In an emailed statement, Marin County Counsel Brian Washington applauded the appeals court’s decision and said the county looks forward to advancing the case to trial in state court.

“The 9th Circuit has unanimously ruled – again – that Marin County’s lawsuit to hold fossil fuel companies accountable for climate change related damages belongs in state court where it was originally filed,” Washington said.

Chevron spokesman Sean Comey, Chevron attorney Theodore Boutros Jr., and officials with San Mateo County and the city of Imperial Beach did not immediately respond to emails and phone calls requesting comment Tuesday.

The same Ninth Circuit panel is still mulling a request for an en banc rehearing in separate appeal involving two lawsuits brought by the cities of San Francisco and Oakland, California, against the world’s five largest oil companies: BP, Chevron, ConocoPhillips, ExxonMobil and Royal Dutch Shell.

In that case, the panel found U.S. District Judge William Alsup lacked jurisdiction when he dismissed the two lawsuits seeking to make oil and gas giants cover the cost of sea walls and other projects to protect the cities from rising sea levels and other consequences of climate change.

In May, the panel rejected the oil companies’ argument that state law public nuisance claims are preempted by the federal Clean Air Act and found the companies’ liability under state law “fails to raise a substantial federal question” that would justify federal court jurisdiction.

In June, Judge Alsup wrote a letter asking the panel to “correct a mistake” in its May 26 opinion. Alsup said the panel had been “led astray” by the cities’ legal teams and incorrectly concluded that he relied on admiralty jurisdiction to keep the lawsuits in federal court. The panel held that the admiralty jurisdiction argument was waived because the oil companies did not include it in their notices of removal to federal court.

“Even if the Energy Companies could and did waive admiralty jurisdiction as a ground for removal, the district court did not sustain removal under (and did not mention) admiralty jurisdiction,” Alsup wrote. “Rather, the district court found the complaints’ necessary dependence on the navigable waters as the instrumentality of the alleged nuisance raised a federal question based in federal common law, grounds expressly stated in the notices of removal.”

The cities replied in a July 7 letter that “no mistake” was made, but they proposed a correction to clarify that although Judge Alsup considered the “navigable waters of the United States” theory as an “instrumentality” of the public nuisance claim, the argument still fails and was waived because the oil companies failed to invoke it in their notices of removal.
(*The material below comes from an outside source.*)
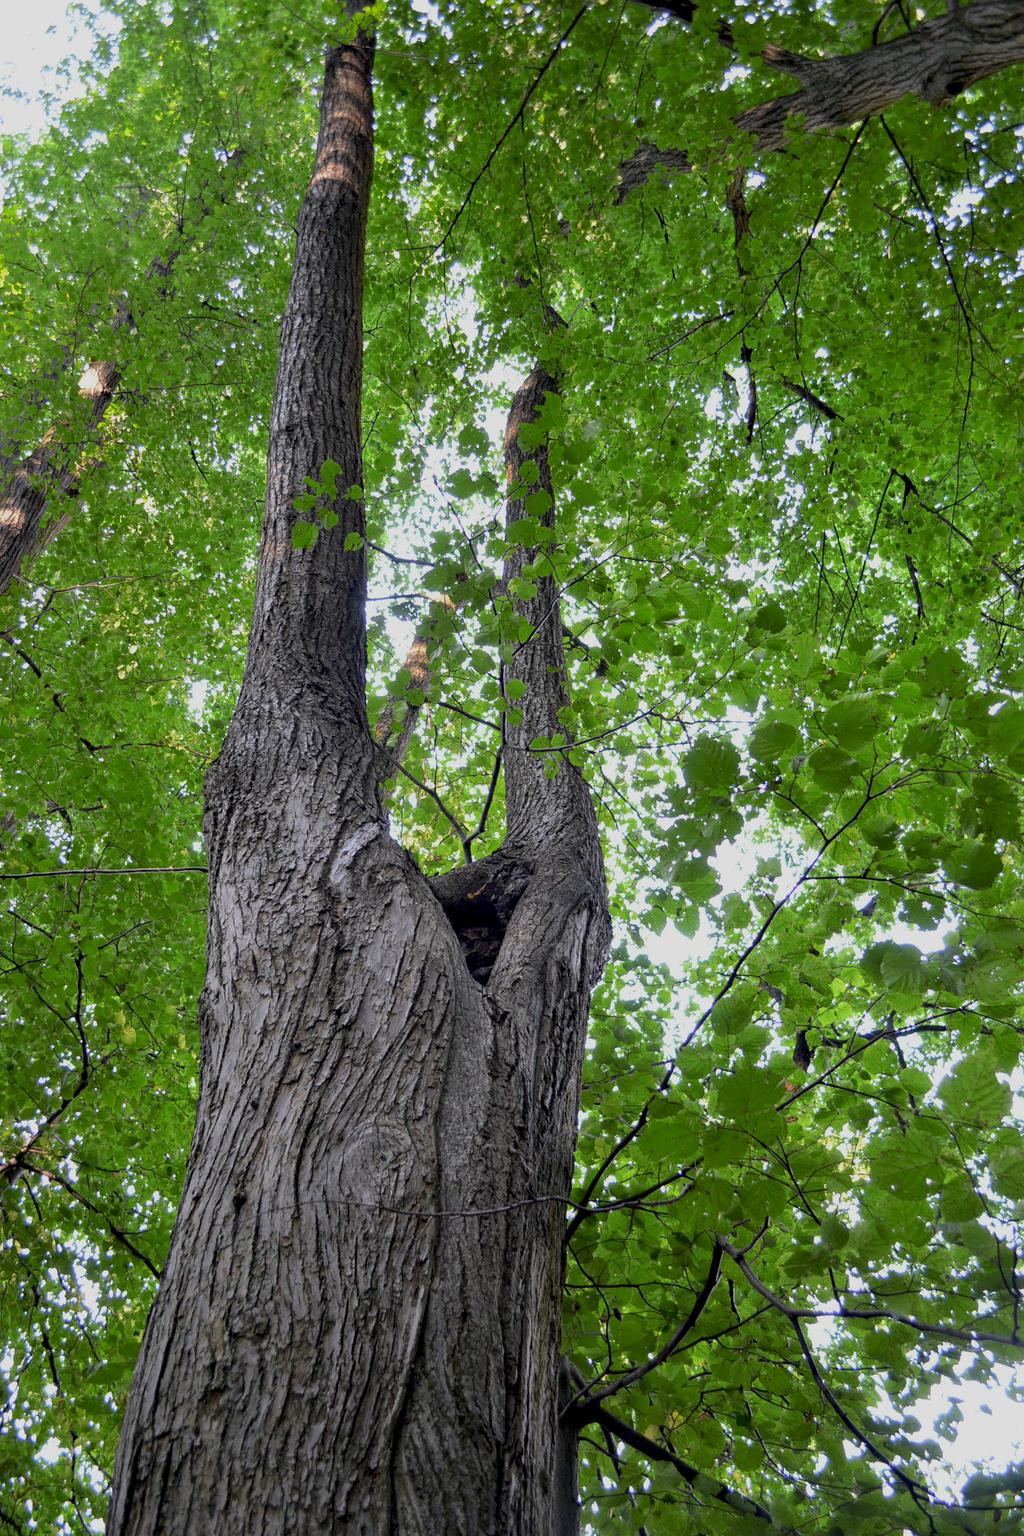 Czech Tree by Louliecz

In July, the U.S. Chamber of Commerce also filed an amicus brief in the case arguing the appeals court should not remand a case to state court after it’s been dismissed in federal court because it would enable a “wasteful do-over” in state court.
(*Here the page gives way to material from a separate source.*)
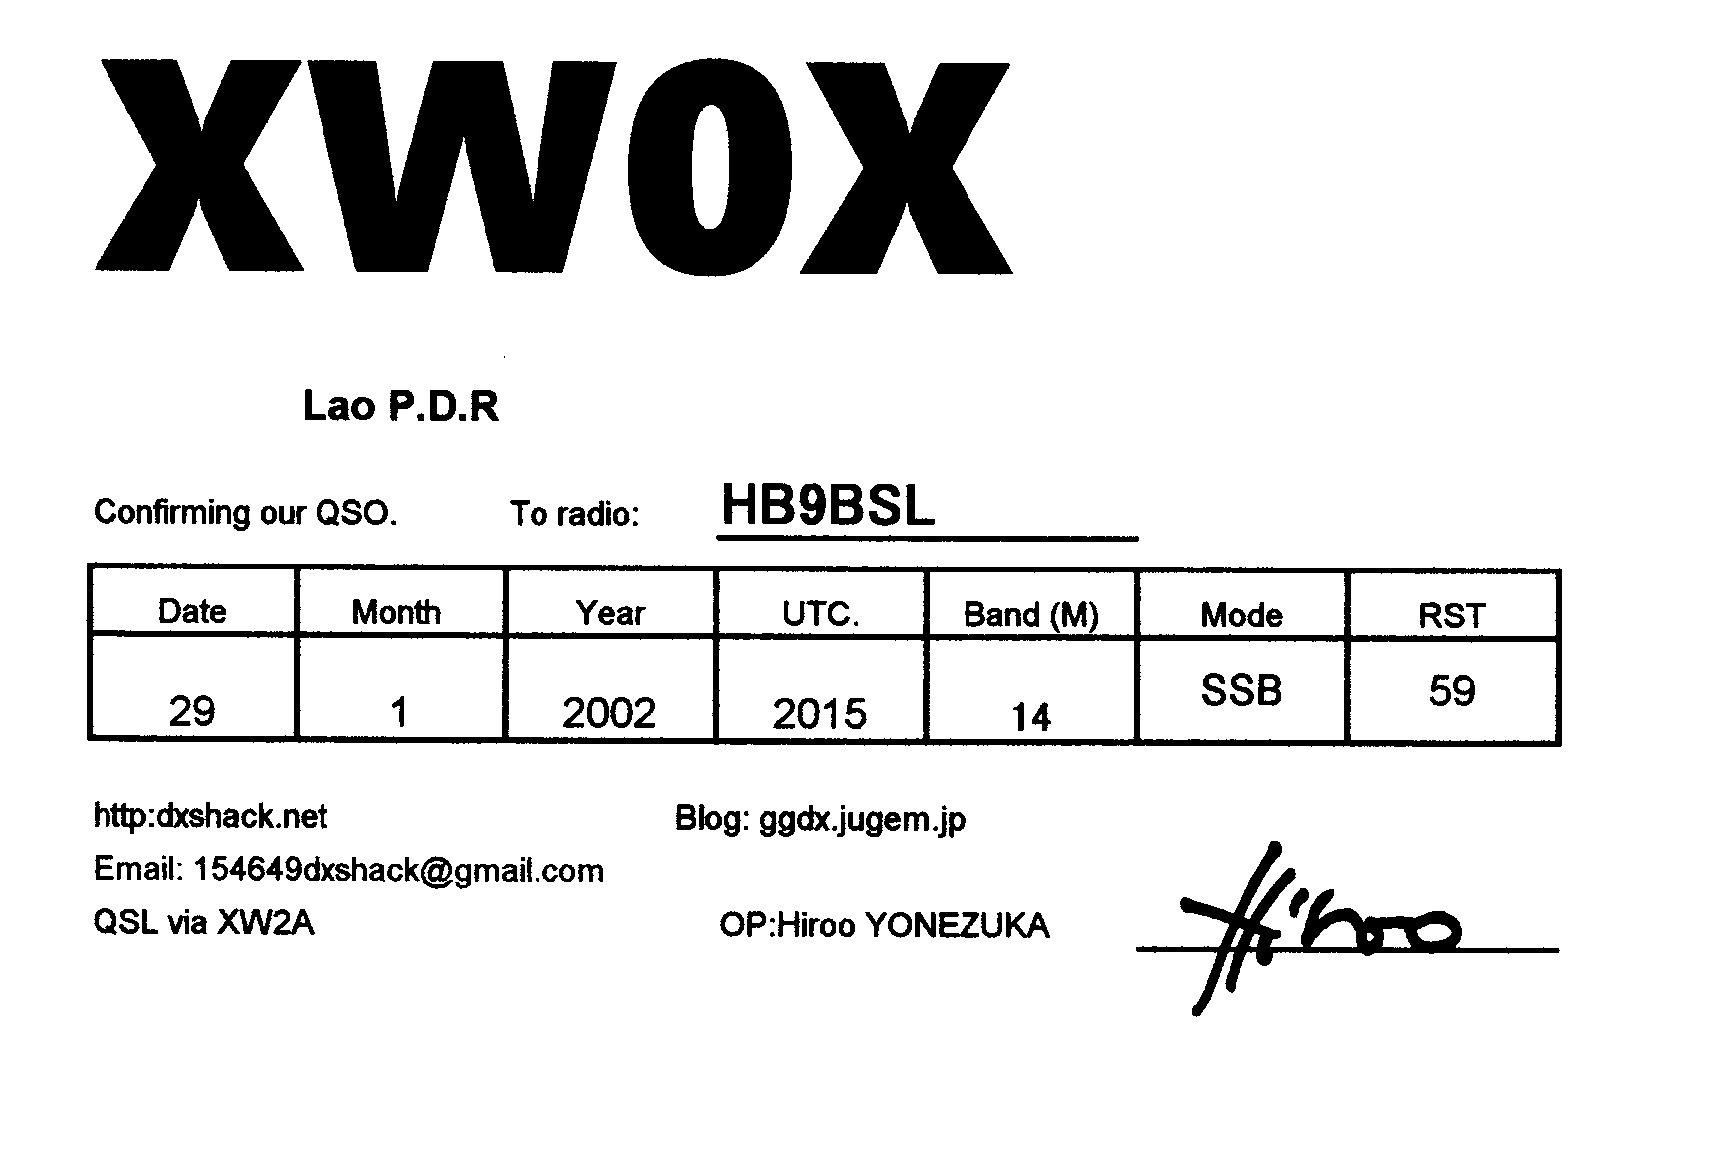 DXCC 314

“The rule creates a heads-I-win, tails-you-lose situation: If the plaintiffs won their case ‘on the merits in federal court [they] could claim to have raised the federal question in [their] amended complaint voluntarily,’ but having lost, they could claim that it never should have been in federal court so they are ‘entitled to start over in state court,’” the Chamber wrote in a 20-page brief, citing the Seventh Circuit’s 1984 ruling in Bernstein v. Lind-Waldock & Co.

On Monday, the Justice Department also weighed in, arguing claims against oil companies for climate change should stay in federal court because they are “necessarily federal in character” and could substantially affect interstate and foreign commerce.
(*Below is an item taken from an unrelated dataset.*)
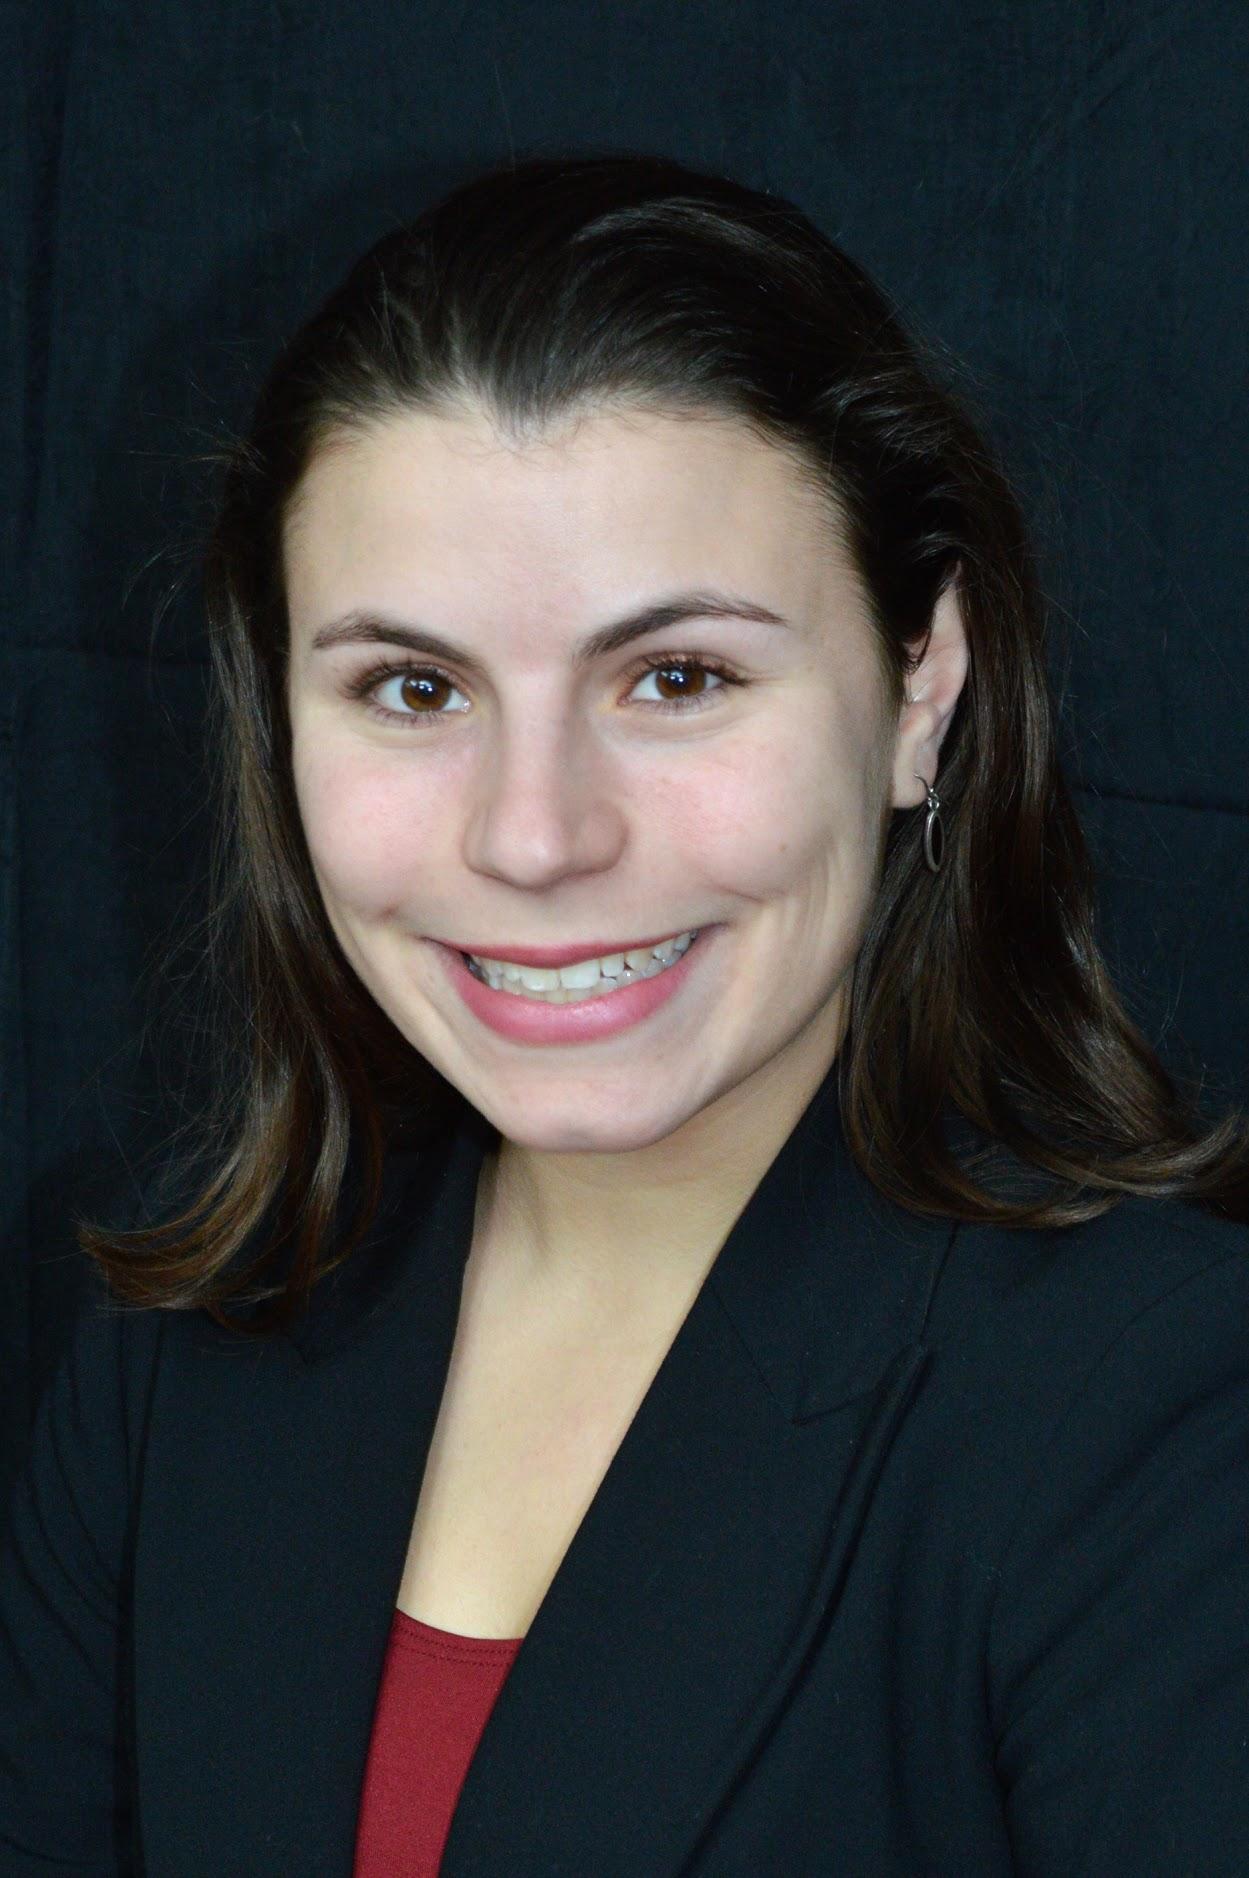 SarahSimkin

“If successful, these claims would, in practice, impose a tax on fossil-fuel production and use nationwide and potentially worldwide — but to the sole benefit of these cities for an alleged harm shared by many,” the United States wrote in a 17-page brief.

The Ninth Circuit denied the request for an en banc rehearing in the two lawsuits brought by San Francisco and Oakland in an order and amended opinion on Aug. 12.